Le bande islamiste, ISIS (Stato Islamico in Iraq e in Siria) prima tra tutte, stanno però cercando di portare sotto il proprio controllo aree importanti, in particolare nella regione petrolifera nel nordest della Siria (Cizîre) e nel nord dell’Iraq. Quasi tutte le forze regionali li sostengono direttamente o indirettamente in questo intento. Tutti vogliono distruggere il progetto dell’autonomia democratica nel Rojava, il progetto di una rivoluzione delle donne, perché è una vera alternativa e quindi una minaccia per i propri sistemi corrotti, patriarcali e ingiusti.
L‘8 e il 9 maggio ISIS ha conquistato la seconda più grande città dell’Iraq, la città di Mûsil (Mosul) con milioni di abitanti, che è il centro del commercio in Iraq e la più importante stazione di passaggio verso la Siria. Spesso nei notiziari sono stati definiti come »gruppo di ribelli sunniti che combatte con gruppi sciiti«, il che va oltre la minimizzazione.
Chi è ISIS?
ISIS nasce dopo l’invasione dell’Iraq guidata dagli USA nel 2003. Il suo capo è Abu Bakr al-Baghdadi. Fino all’inizio di quest’anno ISIS veniva considerata parte della rete terroristica di Al-Qaeda, che però a febbraio si è staccata da ISIS. ISIS si autodefinisce come più radicale di Al-Qaeda. Nel frattempo ISIS si è staccata anche dal Fronte Al-Nusra, insieme al quale ha combattuto fianco a fianco ancora nella guerra a Serê Kaniyê e Til Kocer (al-Yarubiyah) contro le Unità di Difesa del Popolo YPG e le Unità di Difesa delle Donne YPJ. Entrambe le organizzazioni si combattono a vicenda per il controllo delle città Raqqa e Deir ez Zor in Siria. Tuttavia Al-Nusra perde sempre più terreno. Per i curdi e le curde fa comunque lo stesso. Chiamano tutti questi gruppi islamisti radicali che si riuniscono e si dividono in sempre nuove formazioni, Daaisch, l’abbreviazione araba per ISIS. La Turchia ufficialmente sostiene solo Ahrar al-Sham, dato che non è sulla lista delle organizzazioni terroristiche. In effetti però tutti i cosiddetti generi di aiuto e anche armi vanno a finire nelle mani di ISIS, dato che il confine è sotto il loro controllo. Durante la nostra visita nel Rojava abbiamo spesso sentito dire: »Noi siamo gli unici che combattono contro ISIS, noi qui combattiamo per il mondo intero.«
Quasi tutti i morti che si lamentano dalla parte delle YPG/YPJ sono caduti combattendo contro ISIS. Le maggiori perdite subite dalle YPG/YPJ sono quelle nella lotta per la città di Til Hemis nel gennaio 2014. In tutti gli altri combattimenti le YPG/YPJ hanno avuto molto successo. Nonostante il fatto che le bande islamiste vengano rifornite da stati come Arabia Saudita e Qatar, ma anche dalla Turchia, stato appartenente alla NATO, in parte con armi modernissime, le YPJ e YPG hanno conseguito notevoli successi militari. Così secondo affermazioni del centro stampa delle YPG nell‘anno 2013 in combattimento sono caduti 379 appartenenti alle YPG e YPJ, mentre sono morti 2 923 appartenenti agli jihadisti.

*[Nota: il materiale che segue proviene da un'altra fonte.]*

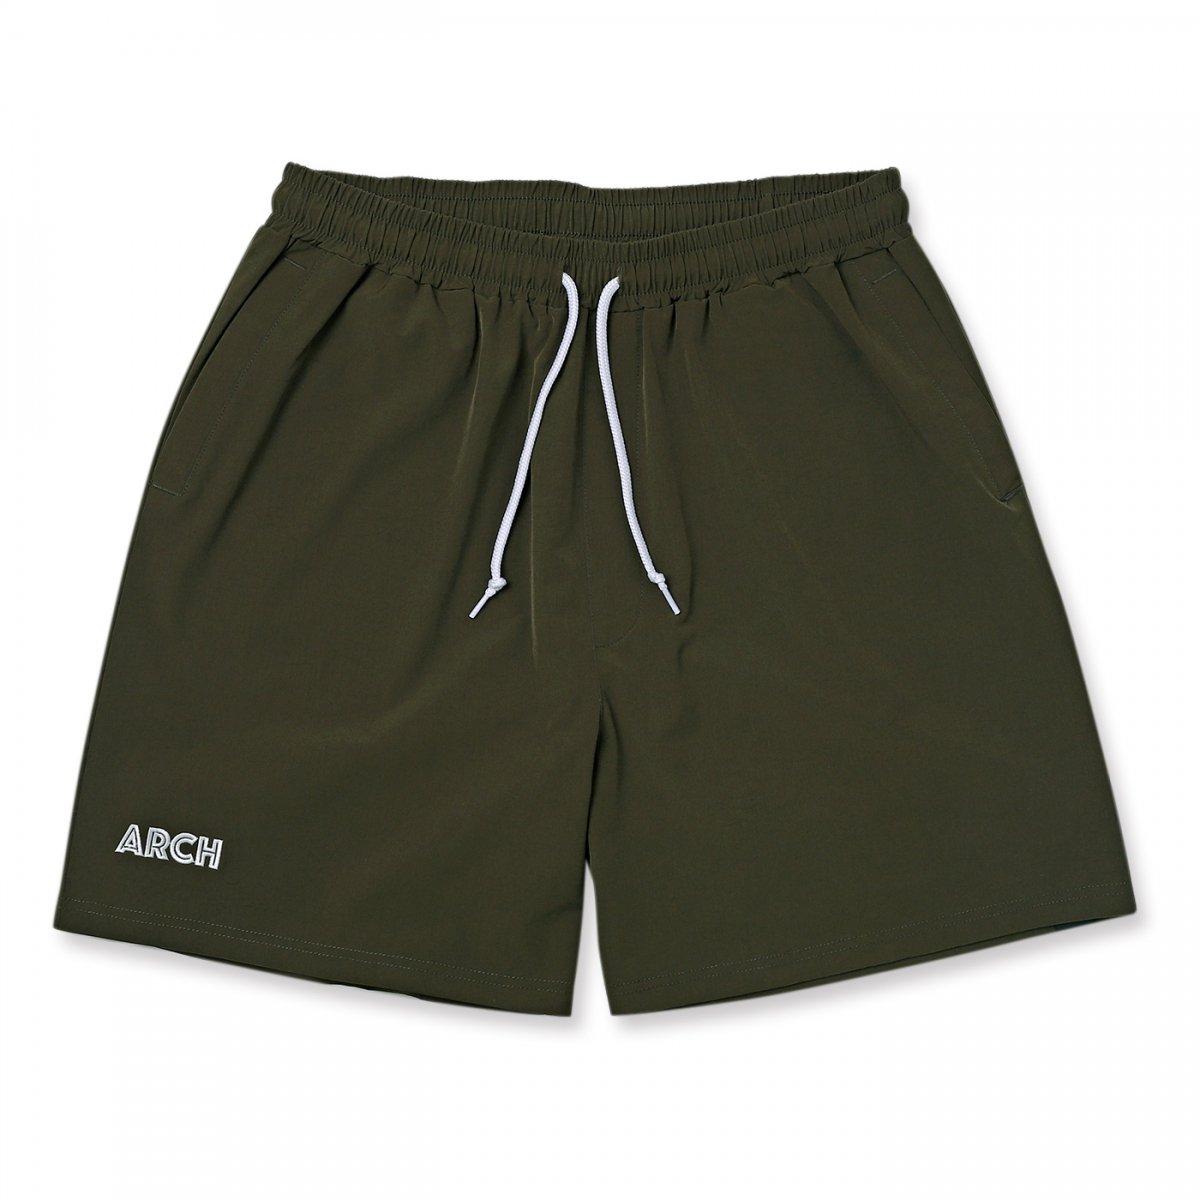 stretch nylon short pants 【khaki】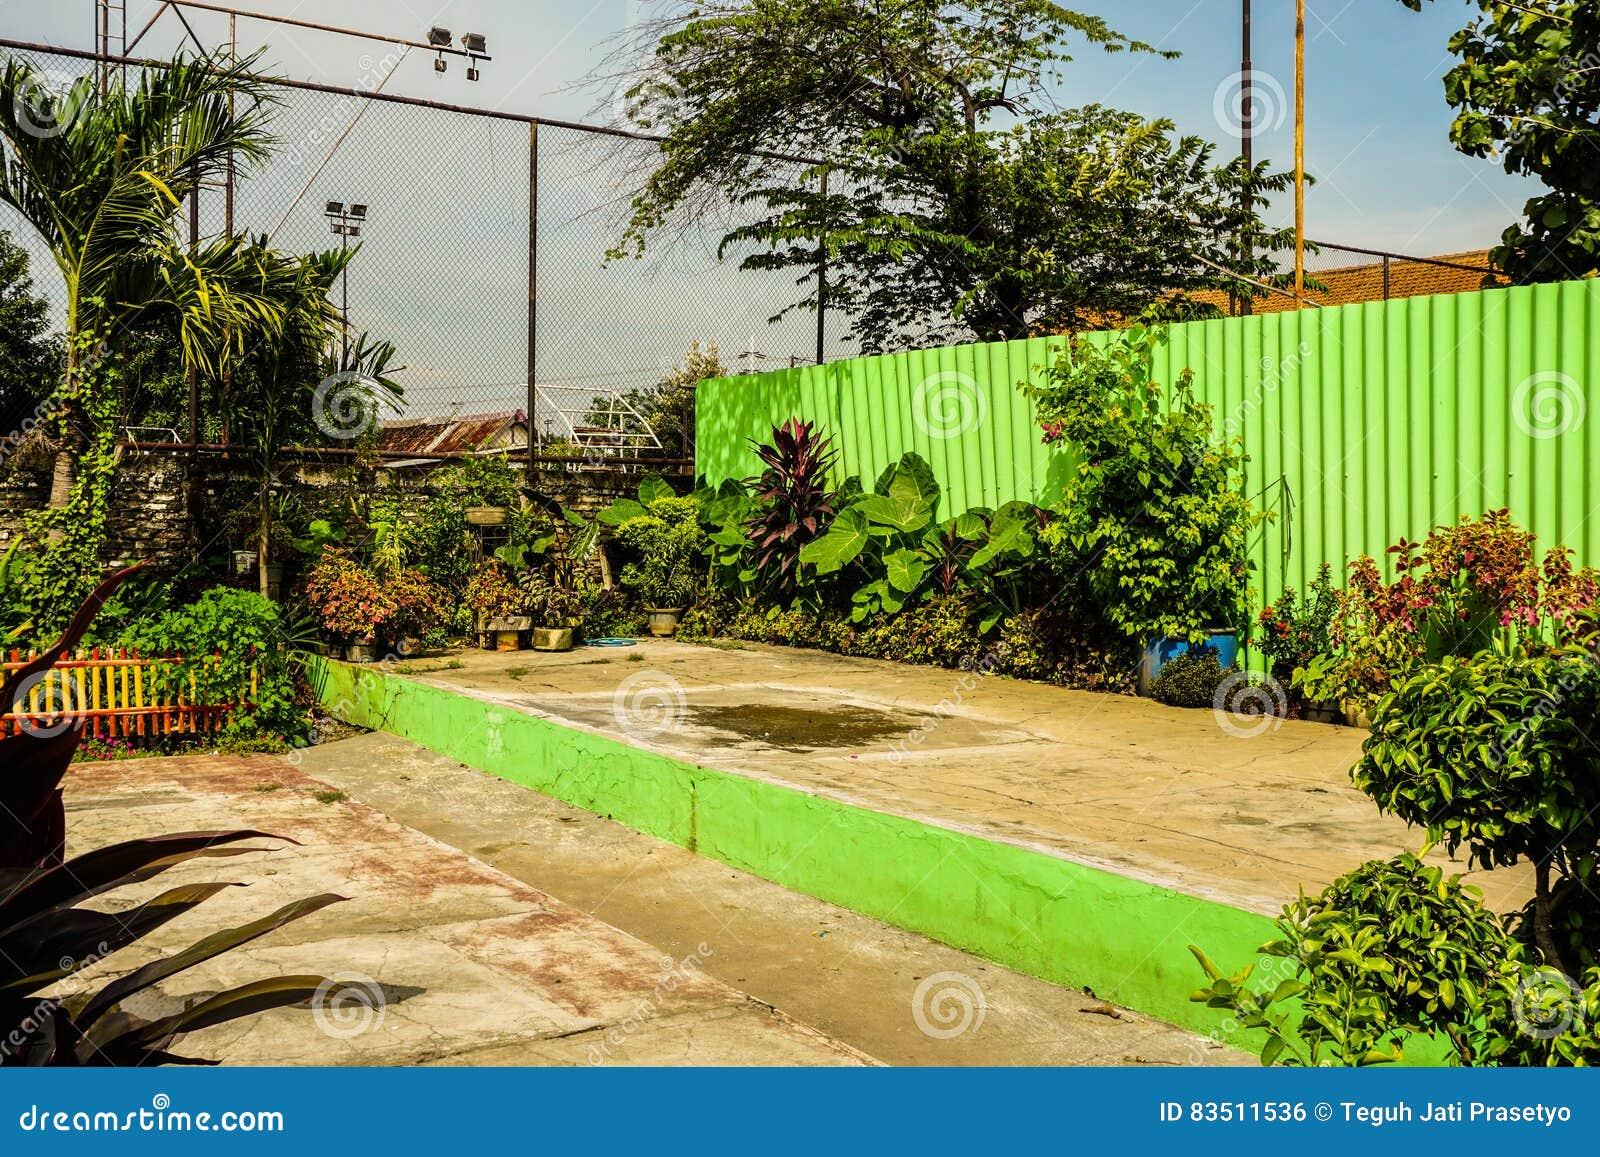 Binnenplaats met mooie tuin en een groene die muurfoto in Semarang Indonesië wordt genomen

Dei 587 componenti di bande arrestati, solo 91 erano di origine siriana! »La maggior parte viene dalla Turchia, ma anche dalla Cecenia, dalla Libia, dall‘Europa, una volta c’era persino un cinese «, così uno dei comandanti di Til Xenzir, la postazione più ad ovest delle YPG nella regione di Cizîre. »L’Europa dovrebbe essere contenta che qui raccogliamo tutti i suoi islamisti e li combattiamo «, così Avesta, una comandate delle YPJ a Serê Kaniyê.
Quasi tutta zona della Siria abitata da curdi è stata liberata dallo stato e difesa contro gli islamisti, anche le zone di tribù arabe amiche, quella degli Shammar nella città di Til Koçer nell‘ottobre 2013. Anche il locale valico di confine verso l‘Iraq. In successione, numerosi uomini e donne arabi si sono uniti alle YPG/YPJ. Nel luglio 2013 le YPG/YPJ hanno completamente liberato Serê Kaniyê dalle bande islamiste, nonostante queste ricevessero appoggio militare diretto dalla Turchia.
Il problema è tuttavia che i cantoni curdi sono enclave e che zone intermedie sono prevalentemente controllate da ISIS. Mentre la zona tra Afrîn e Kobanê è quasi sotto il controllo di Al-Akrad – milizie curde vicine all‘ESL – e di altre forze di opposizione, la zona tra Kobanê e Cizîre è ancora sotto il controllo di ISIS. Questi ultimi controllano anche i due valichi di confine di Jarablus e Til Abyad, attraverso i quali in modo continuo arrivano rifornimenti di armi, combattenti e denaro dalla Turchia.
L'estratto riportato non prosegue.